# Grouse?



## Guest (Jan 2, 2017)

I was just wondering if anyone had had much luck in the grouse woods this fall. If anyone has seen grouse period I would like to hear about it!


----------



## Trautman (Aug 7, 2007)

went yesterday...not one bird. I am gonna try again before the end of season but I am not very hopeful. After 2 trips to the UP and one to South Dakota, bird hunting in Ohio is more about walking in the woods with your dog than actually bird hunting. I hunted Harrison and Belmont yesterday.
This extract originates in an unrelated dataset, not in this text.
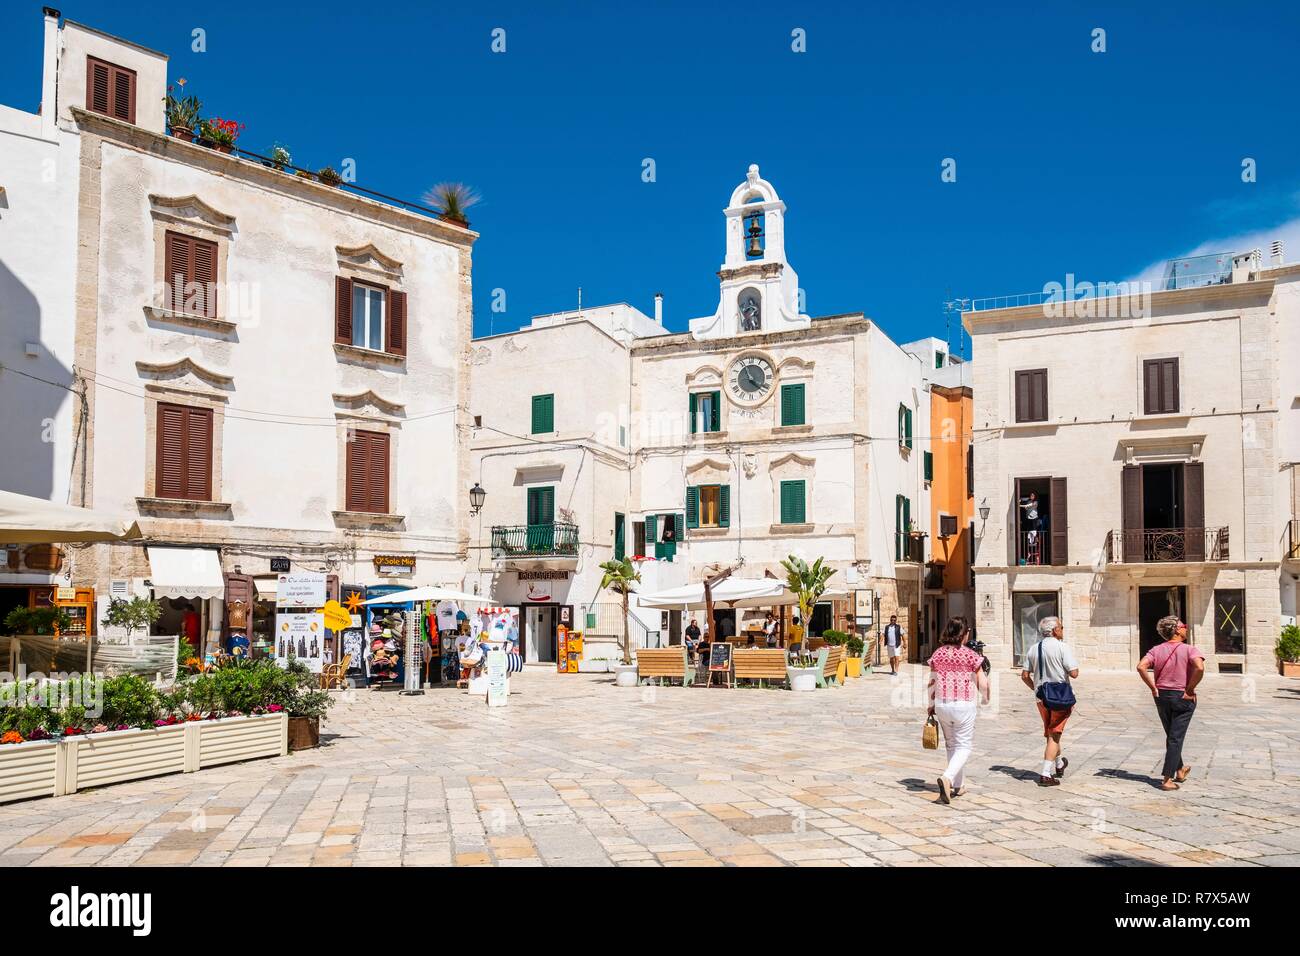 Italia, Apulia, Polignano a Mare, el centro histórico de la ciudad se alza sobre un acantilado de piedra caliza con vistas al Mar Adriático, en la plaza Vittorio Emanuele II y la torre del reloj Foto de stock

Let me know if you go and see any.


----------



## Mi-Mic-Kay (Jan 3, 2017)

I also make the trip up north & SD if I want to bird hunt. I do gather up some buddies now and then and head to a pheasant farm so the dogs get to do some work. Bout the same price as round of golf (without the bad attitude) and you get to bring home some pretty tasty meat... 10 years ago I'd travel to a friends place in southern Ohio and do real good on grouse... not worth it anymore.


----------



## joebertin (Mar 26, 2010)

Yeah, 15 or 20 years ago southern Ohio had some grouse. Not so good lately.


----------



## dugworm (May 23, 2008)

I still remember the day...last time I flushed a grouse (and it was a double) was Spring '02 at my deer camp. Sad.


----------